Kyle Palmieri #21 of the New Jersey Devils tries to...

Kyle Palmieri #21 of the New Jersey Devils tries to keep the puck from Kevin Fiala #22 of the Nashville Predators in the second period on January 25, 2018 at Prudential Center in Newark, New Jersey. Credit: Getty Images / Elsa

NEWARK, N.J. — When he was a child, Devils forward Kyle Palmieri always was thankful to have a godfather who could give him good advice simply about growing up. Palmieri was even more grateful when he became a professional athlete, having a godfather who could mentor him about making his way in a tough business.

Palmieri is as proud as ever now of a godfather who is showing how to keep on going. It was, is and always will be an honor for the first-line forward to look up to Bud Harrelson.

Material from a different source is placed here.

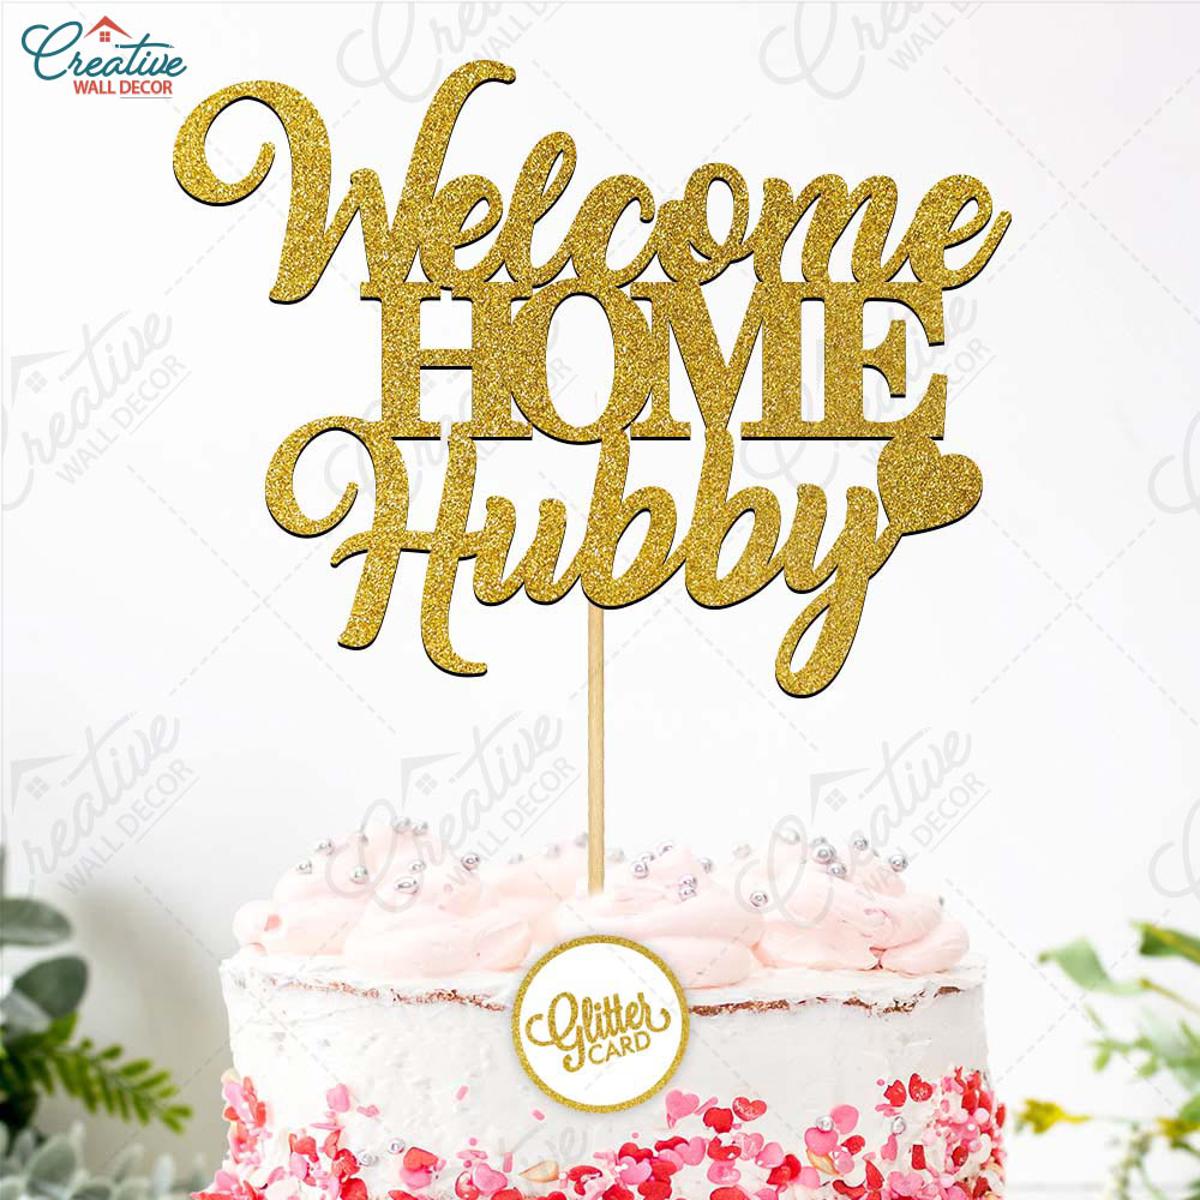 welcome home cake for him｜TikTok Search

“I haven’t spoken to him in a little bit. My parents keep me up to date a lot and I still speak to my cousins — his sons and daughters — and I check in about what’s going on,” Palmieri said of his famous and beloved godfather, who announced earlier this month that he has Alzheimer’s disease.

“It’s tough. I’ve watched my grandfather go through it. He has been in a battle with Alzheimer’s for a while now,” the Devils player said after the morning skate Saturday, in preparation for the home game against the Islanders. “Any time it’s someone close to you, it’s hard to watch them go through it. But he’s an upbeat guy. He has always been upbeat, he’s found ways to bring smiles to everyone’s faces.”

Palmieri is a native Long Islander, having lived in East Moriches before moving to Montvale, New Jersey, when he was three. He still spends part of every summer in Mattituck, where his family still has a house. So, he knows how much Harrelson means to people in Nassau and Suffolk. The hockey player thinks it is a good idea that Harrelson will still spend as much time as he can around the Long Island Ducks.

“He’s finding ways to fill his time and keep a smile on his face,” Palmieri said. “Obviously, baseball has been his whole life so the fact that he’s staying involved with it and going to games, that’s something that’s good to see.”

Harrelson and Palmieri’s father, Bruce, are cousins, the player said, adding that he remains close with Harrelson’s children, whom he calls his second cousins. “They used to come to more games when the Islanders played at the Coliseum,” he said, noting that the former shortstop and Mets manager and coach became something of a hockey aficionado.

“Going through a professional sports career, it’s good to have someone to help you. Obviously, everything was a little different in baseball in the 1960s and ’70s. But it’s awesome to have someone like that who knows what it’s like, going through it at a young age, playing pro sports,” Palmieri said.

Just talking about Harrelson brought a smile to his face, which is nothing new. “We are,” the forward said, “all giving our support.”